Le président de la Conférence des évêques de France (CEF) a écrit au président français François Hollande pour lui faire part de ses inquiétudes face à un projet de loi concernant le délit d’entrave numérique pour les avortements. Mgr Georges Pontier, archevêque de Marseille, croit que la législation proposée remet en question des droits fondamentaux.
La CEF a rendu publique lundi la lettre de Mgr Pontier datée du 22 novembre, à quelques jours du débat qui doit avoir lieu à l’Assemblée Nationale le 1er décembre.
Plus tôt cet automne, le gouvernement français a présenté une proposition de loi élargissant le délit d’entrave au monde numérique en ce qui concerne les interruptions volontaires de grossesse (IVG). Si la proposition est acceptée, elle modifierait une loi de 1993 et permettrait de condamner des sites internet pour «induire délibérément en erreur, intimider et/ou exercer des pressions psychologiques ou morales afin de dissuader de recourir à l’IVG». À quelques mois des élections présidentielles françaises, elle a donné lieu jusqu’ici à des débats acrimonieux.
Les partisans de la proposition indiquent qu’elle vise surtout des sites Web qui, sous des apparences neutres, font tout pour décourager les femmes d’opter pour l’avortement, n’hésitant pas à exercer des pressions sur elles grâce à la désinformation. Selon la ministre des Familles, Laurence Rossignol, il est temps que le gouvernement réagisse face à ces sites qui abusent des femmes en leur offrant des informations biaisées. Les sanctions prévues vont jusqu’à deux ans d’emprisonnement et une amende de 30 000 euros.
Les opposants estiment que la proposition remet en question certaines libertés fondamentales. C’est notamment le cas des évêques français.
La détresse des femmes
Selon Mgr Pontier, la loi française ne tient plus suffisamment compte de la détresse des femmes face à l’avortement, surtout depuis l’abolition plus tôt cette année du délai de réflexion d’une semaine qui était obligatoire avant une IVG.
«Autrement dit, les femmes ne trouvent plus de soutien officiel à leur questionnement en conscience», écrit le président de la CEF. Selon lui, les sites internet sont essentiels pour aider les femmes confrontées à cette réalité.

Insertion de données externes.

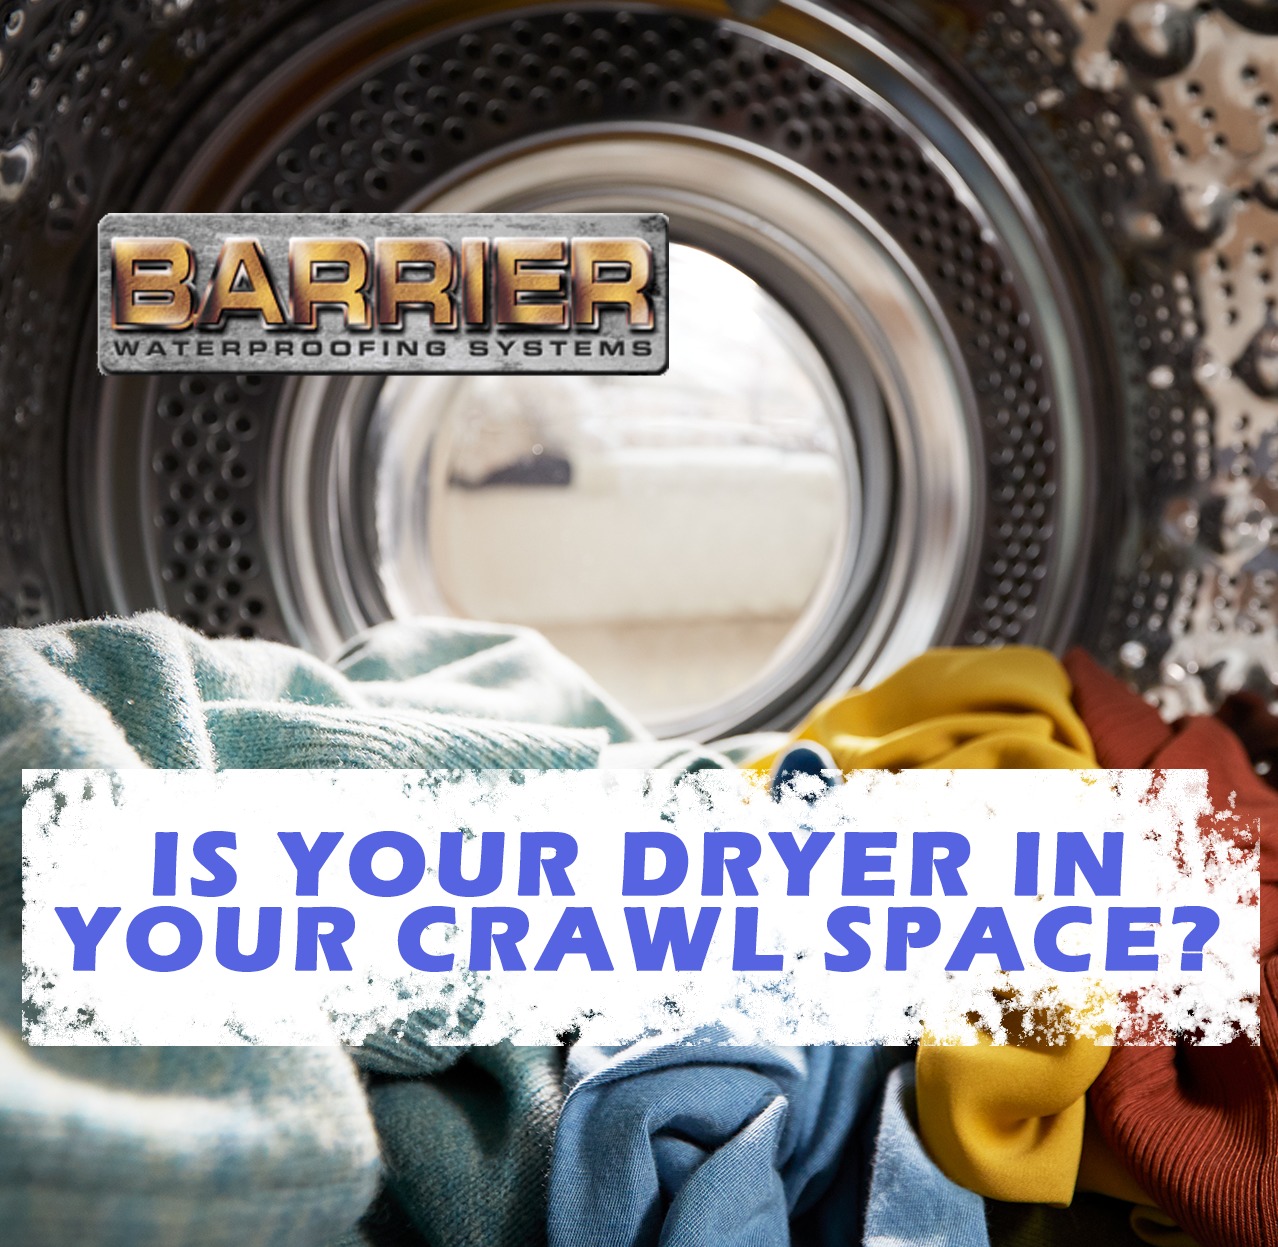 Barrel of a dryer in your crawl space filled with clothes

«Certains de nos concitoyens, réunis en associations, ont décidé de consacrer de leur temps, notamment par le biais des instruments numériques, à l’écoute des femmes hésitantes ou en détresse par rapport au choix possible d’avorter. Ils compensent ainsi l’absence d’organisation de ces lieux d’écoute», dit-il, affirmant que le succès populaire de ces sites démontre qu’ils répondent à un besoin.
«Bien des femmes s’adressent à ces sites après un avortement parce qu’elles ont besoin d’un lieu pour verbaliser ce qui a été vécu. D’autres persévèrent dans leur projet d’avorter, d’autres enfin décident de garder leur enfant. Cette diversité d’expression et de comportement est rendue possible par l’espace de liberté que constituent les sites mis en place. Leur positionnement incite à la réflexion, et c’est justement ce qui leur est reproché. Il faudrait qu’ils adoptent d’emblée un positionnement favorable à l’avortement. Or, un sujet si grave ne peut être enfermé dans des postures militantes», ajoute Mgr Pontier.
Droits et libertés
«Faudrait-il nécessairement exclure toute alternative à l’avortement pour être considéré comme un citoyen honnête?», demande-t-il. «Le moindre encouragement à garder son enfant peut-il être qualifié sans outrance de « pression psychologique et morale »?»
Selon l’archevêque de Marseille, l’idée même d’instaurer un délit d’entrave numérique aurait une incidence directe sur le choix des femmes, rendant l’interruption de grossesse moins «volontaire», «c’est-à-dire de moins en moins libre».
«Surtout, elle constituerait, malgré ce qu’affirment ses dépositaires, un précédent grave de limitation de la liberté d’expression sur internet. Une limitation d’autant plus grave qu’elle touche à des questions de liberté de conscience. Cela me semble être une atteinte très grave aux principes de la démocratie», s’inquiète Mgr Pontier.
Le président de la CEF termine sa lettre en demandant à François Hollande de ne pas permettre à la proposition d’«arriver à son terme».